__Dataset section__.

● ● ●

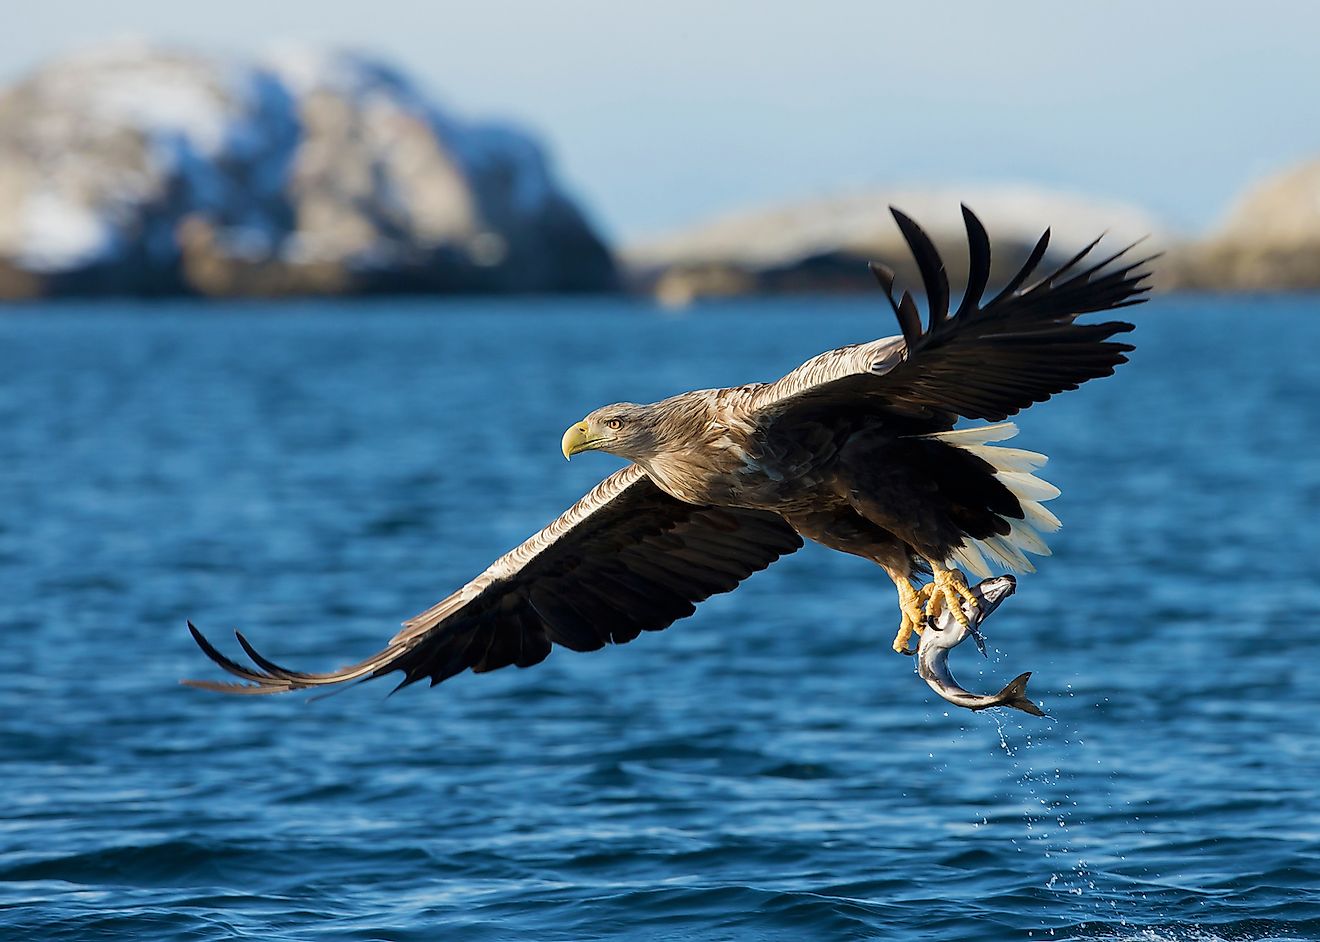 White-tailed sea Eagle (Haliaeetus albicilla), catching a fish, Norway. Image credit: Giedriius/Shutterstock.com
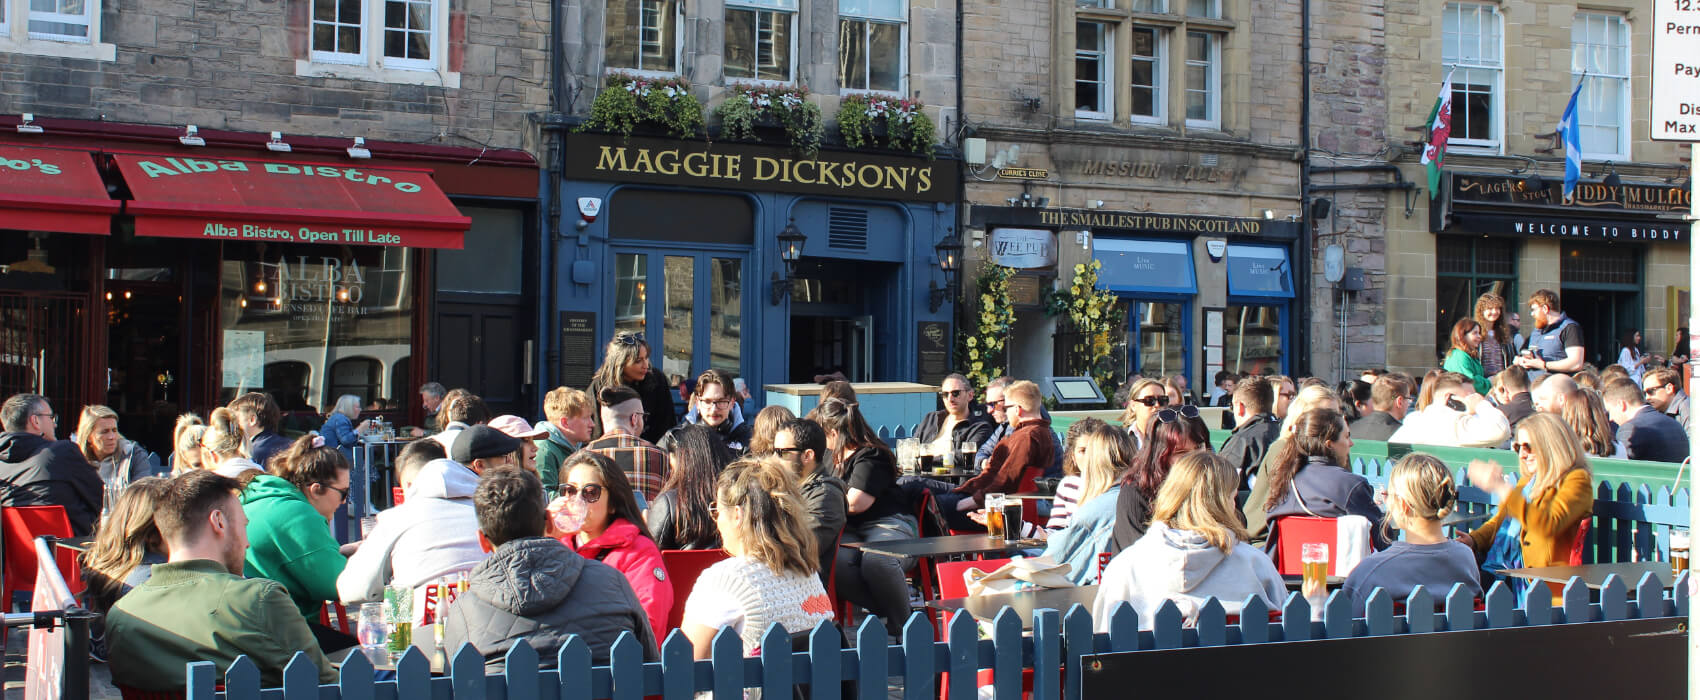 Exterior of Maggie Dicksons pub with people sitting in outside seating
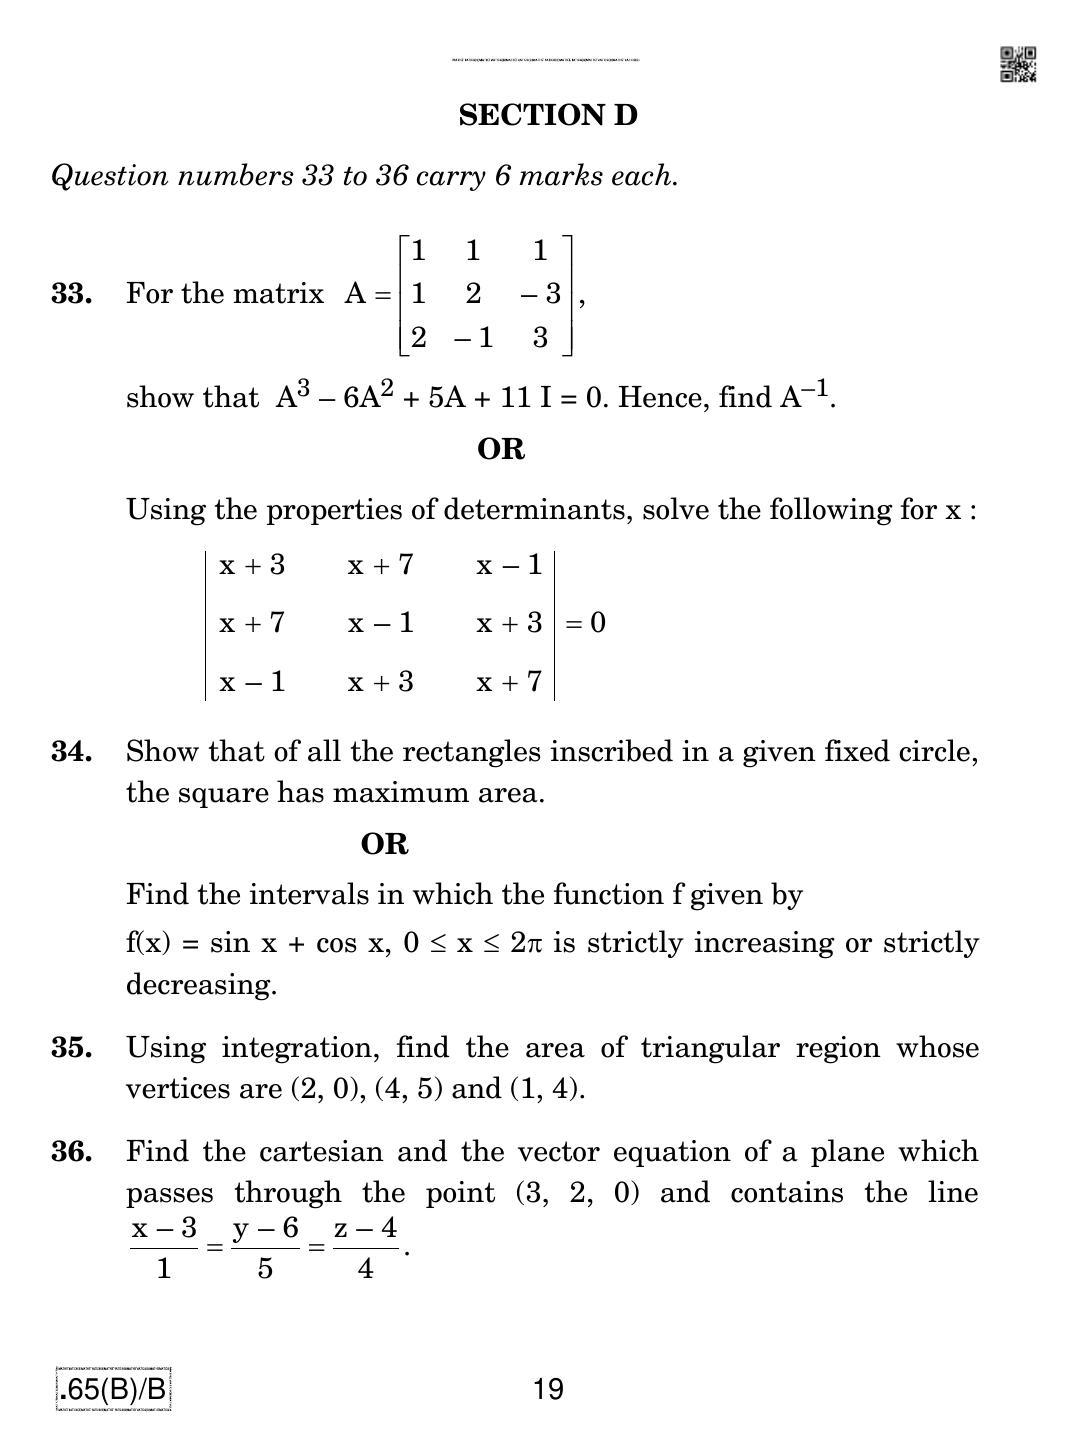 CBSE Class 12 65(B)-C - Maths For Blind Candidates 2020 Compartment Question Paper - Page 19
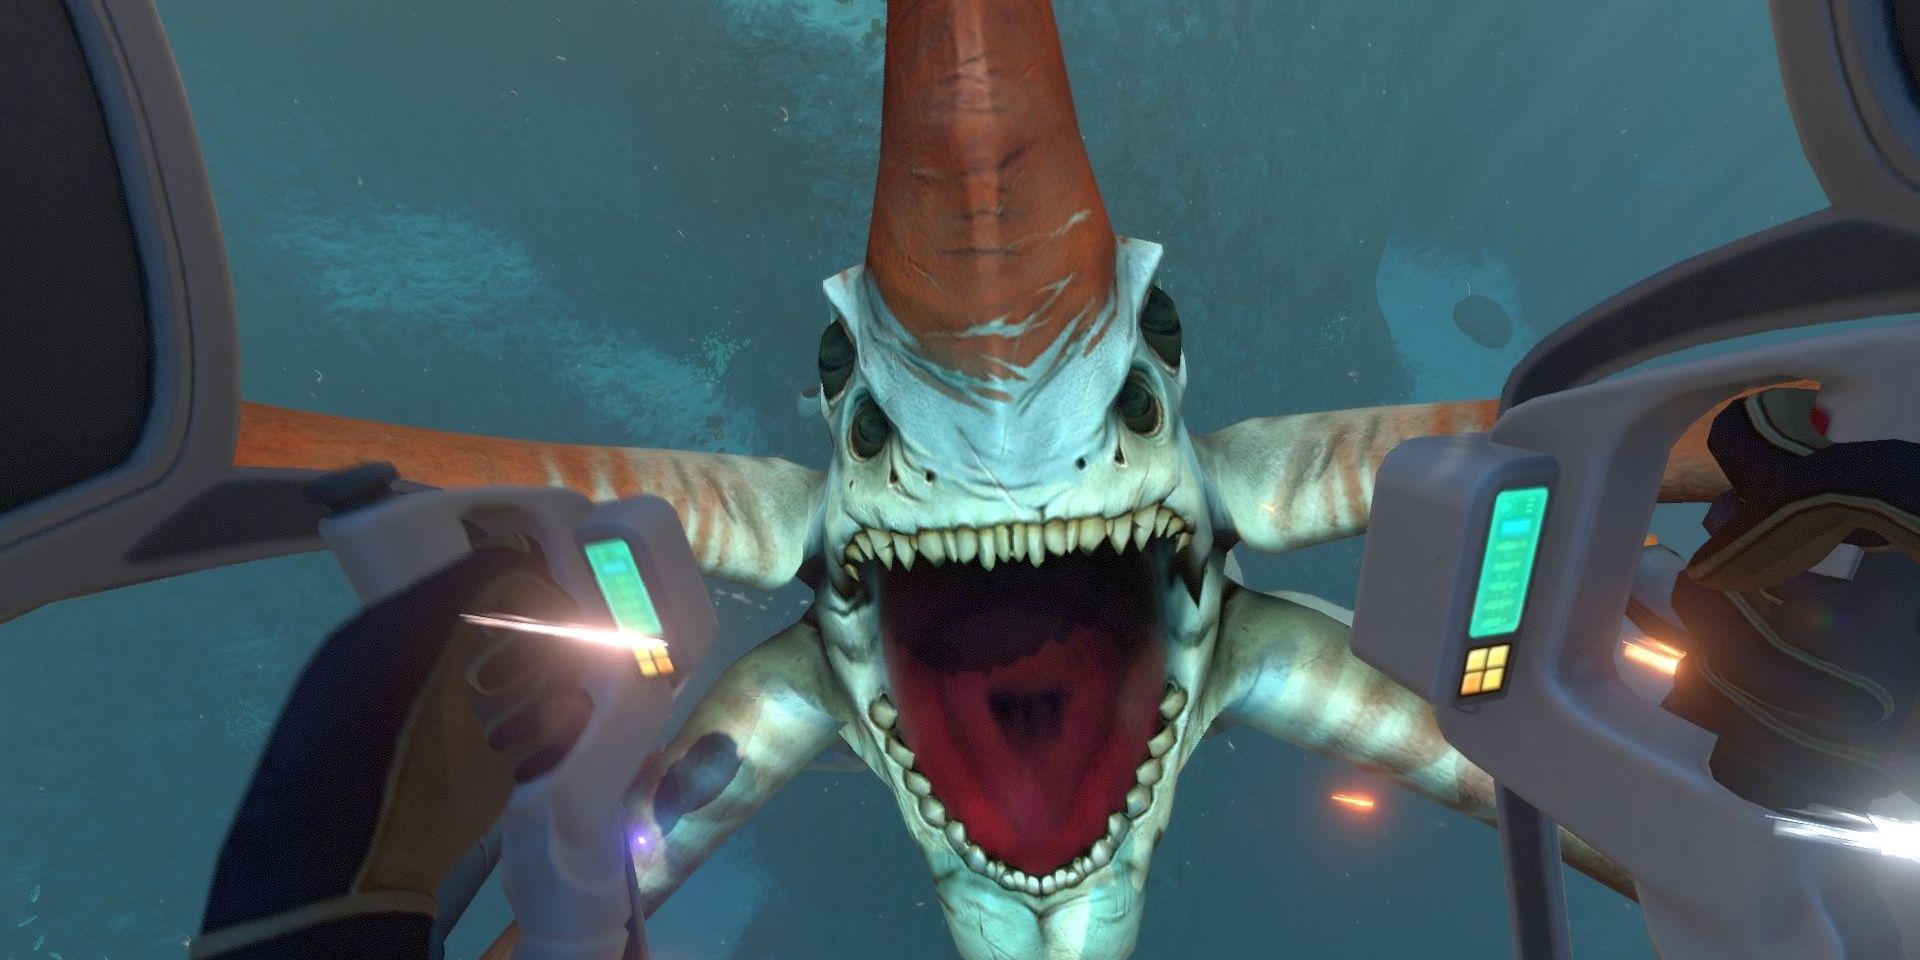 Subnautica reaper leviathan close up in prawn suit

● ● ●

__Work item__.
Send back every line of the listing exactly. Omit the images.

__Your solution__.
 White-tailed sea Eagle (Haliaeetus albicilla), catching a fish, Norway. Image credit: Giedriius/Shutterstock.com
 Exterior of Maggie Dicksons pub with people sitting in outside seating
 CBSE Class 12 65(B)-C - Maths For Blind Candidates 2020 Compartment Question Paper - Page 19
 Subnautica reaper leviathan close up in prawn suit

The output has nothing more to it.